The briefing aimed to assess the possibilities, capabilities and interest in being involved in ARTES 14 from organizations in Romania, as well as to provide a better understanding of the general and specific issues related to this program.

The "European Earth Monitoring Programme GMES — Copernicus: Its benefits for the citizens of Eastern Europe" Conference, May 2013
The Romanian Space Agency, the European Space Agency, the European Commission and Eurisy jointly organized the second edition of the GMES COPERNICUS conference dedicated to Eastern Europe EU Member States. The conference took place in Bucharest, May 21–22, 2013.

Since the first edition in 2012, the main objective of the conference was to highlight the various opportunities Copernicus can and will offer, with a focus on the new EU member states from Eastern Europe.

===2012===
PLEIADES: A new dimension of satellite imaging, October 2012
Organised by the Romanian Space Agency (ROSA) together with Astrium Geo-Services, the Faculty of Land Reclamation and Environment Engineering in Bucharest, the Military Technical University in Bucharest and Tradsym Consult, the event presented the features of the Pleiades-SPOT constellation, as well as applications developed by Romanian researchers, based on the image database provided by SpotImage-Astrium Geo-Services.

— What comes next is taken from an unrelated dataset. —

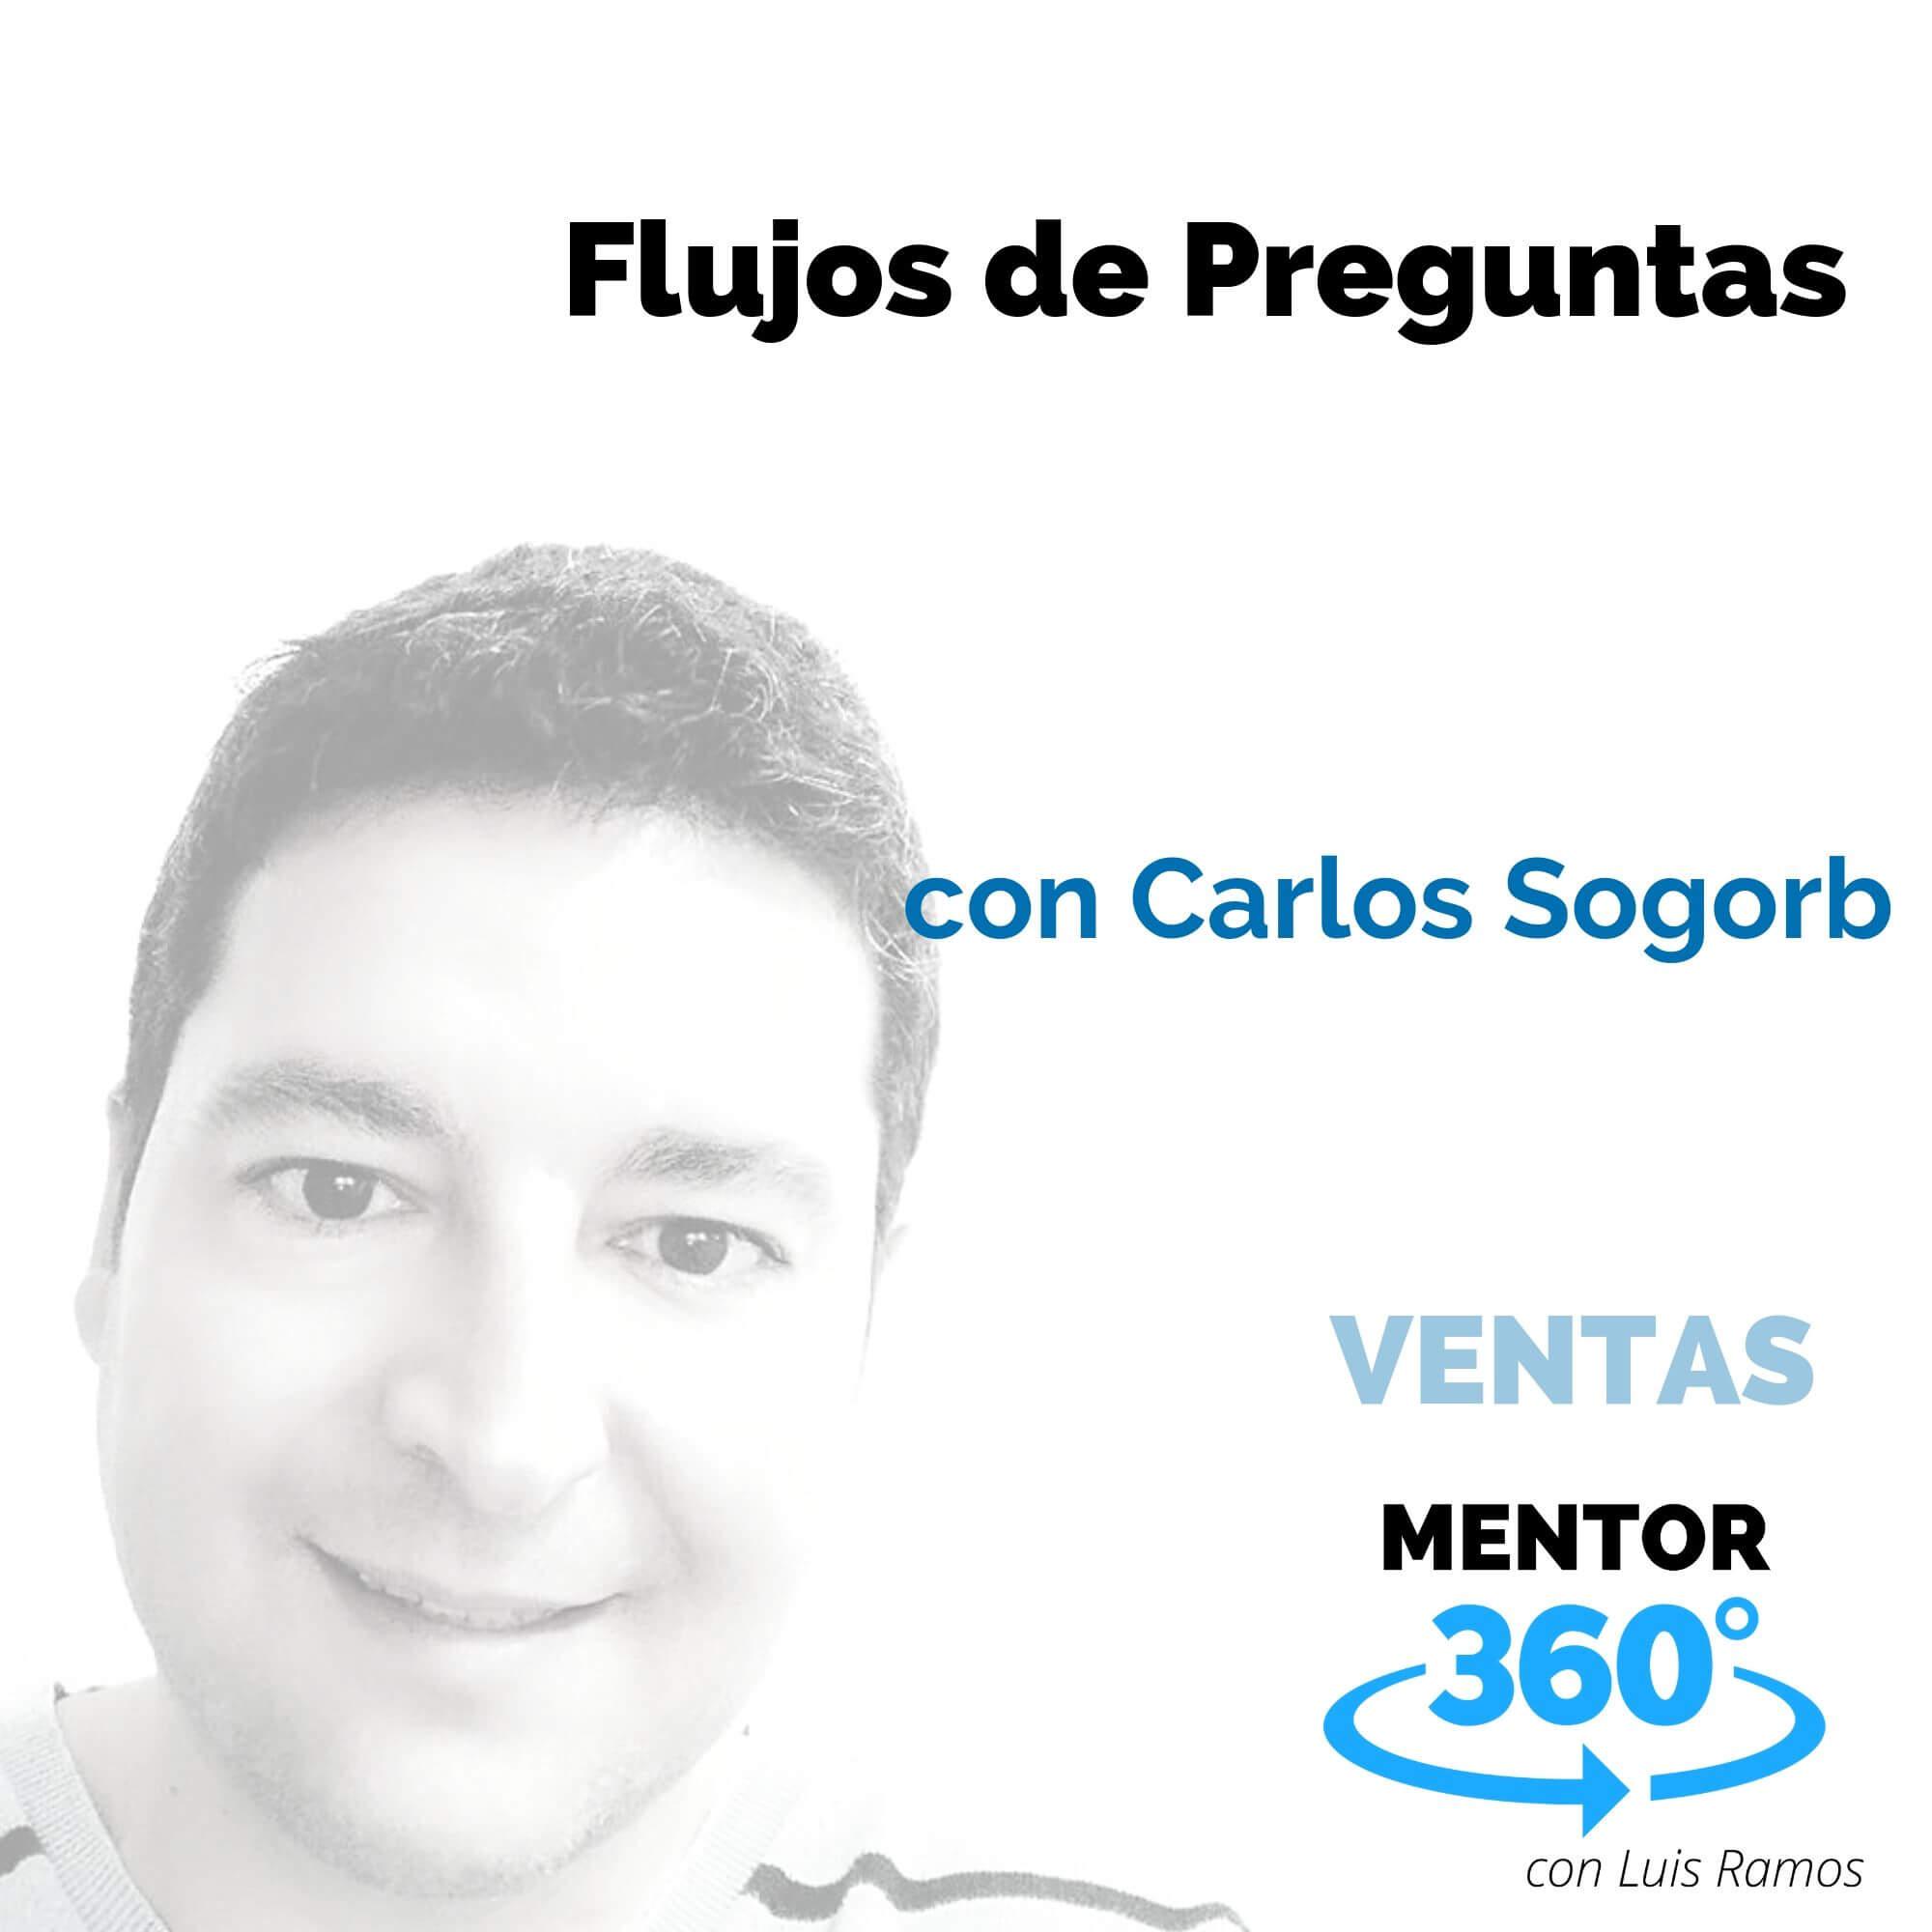 Flujos de preguntas, con Carlos Sogorb - VENTAS

Exploratory workshop with the scientific Romanian Diaspora on "Space — Science, Technology and Applications", September 2012
The workshop collaborated with Romanian scientists working abroad to discuss space applications resulting from science and technology. The event was part of the event "Diaspora in the Romanian Scientific Research and Higher Education".

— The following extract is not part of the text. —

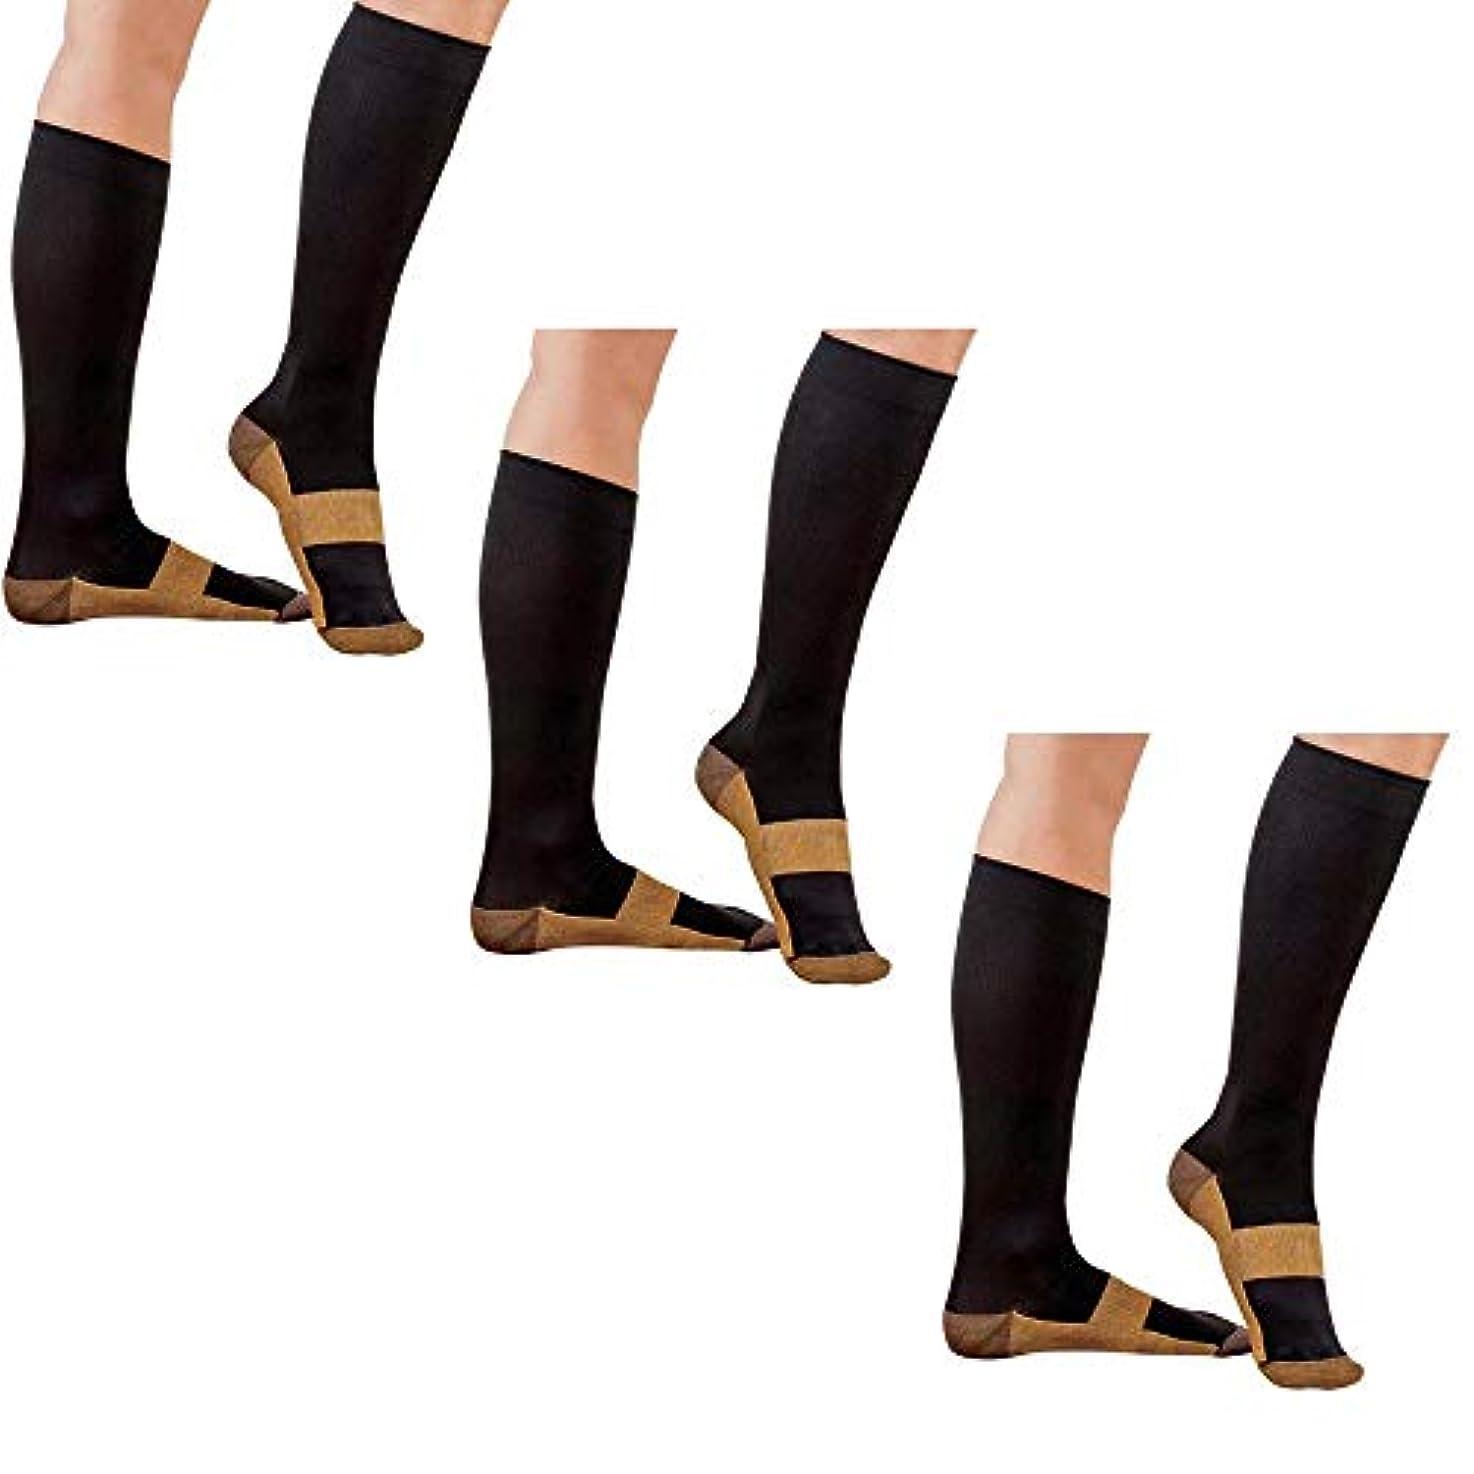 毎日売る大腿3足組 足底筋膜炎ソックス 20-30mmHg 着圧ソックス 加圧ソックス スポーツソックス ふくらはぎ 静脈瘤 リンパケア ひざ下 血行改善 むくみケア用靴下 ハイソックス むくみ 解消 足 メンズ レディース(S/M)

1st IAA Conference on Space Systems as Critical Infrastructures, September 2012
The conference was organized by the International Academy of Astronautics (IAA) and the Romanian Space Agency (ROSA), co-sponsored by the International Institute of Space Law (IISL), September 6–7, 2012.

GEOSS Summer School — Remote Sensing of the Black Sea Marine Environment, August 2012
The 4th edition of the GEOSS summer school was hosted by the Romanian Space Agency in August of 2011, with a focus on the current use of remote sensing, EO data and future remote sensing sensors, contributing to monitoring the marine environment evolution and satellite oceanography.

GMES: New Opportunities for Eastern Europe, May 2012
The Romanian Space Agency (ROSA), together with the European Space Agency (ESA) and the European Commission (EC) organized the "GMES: New Opportunities for Eastern Europe" conference from May 3–4, 2012.

Space Situational Awareness Workshop, April 2012
ROSA together with the Research Agency on Military Technologies organized a workshop on Space Situational Awareness, where programmes of ESA and NATO were discussed, as well as the possibility to develop a Romanian ground-based facility for NEO and space debris observation, space weather contributions in Romania, and high performance computing mobile for disaster management applications.

===2011===
GEOSS Summer School: Advancing Earth Observation Data Understanding Crisis Management and Emergency Response, August 2011
The Romanian Space Agency organized the 3rd edition of the GEOSS Summer School, part of activities supporting GEO capacity building in Earth Observation. The program focused on acquiring knowledge on the current use of EO data and image information mining techniques contributing to preventing, monitoring and assessing the impact of natural and man-made disasters and crisis situations.

2011 IAA Planetary Defense Conference: From Threat to Action, May 2011
The International Academy of Astronautics held its second conference on asteroid impact prevention from May 9–12, 2011 in Bucharest, Romania. The 1st IAA Planetary Defense Conference: Protecting Earth from Asteroids, co-sponsored by the European Space Agency and The Aerospace Corporation, was the follow-on to three previous planetary defence conferences held in 2004 in Los Angeles, 2007 in Washington, D.C., and in 2009 in Granada, Spain.

==Notes==
Romania is among the lesser-known of the pioneering nations that contributed to space exploration in the 1970s and 1980s.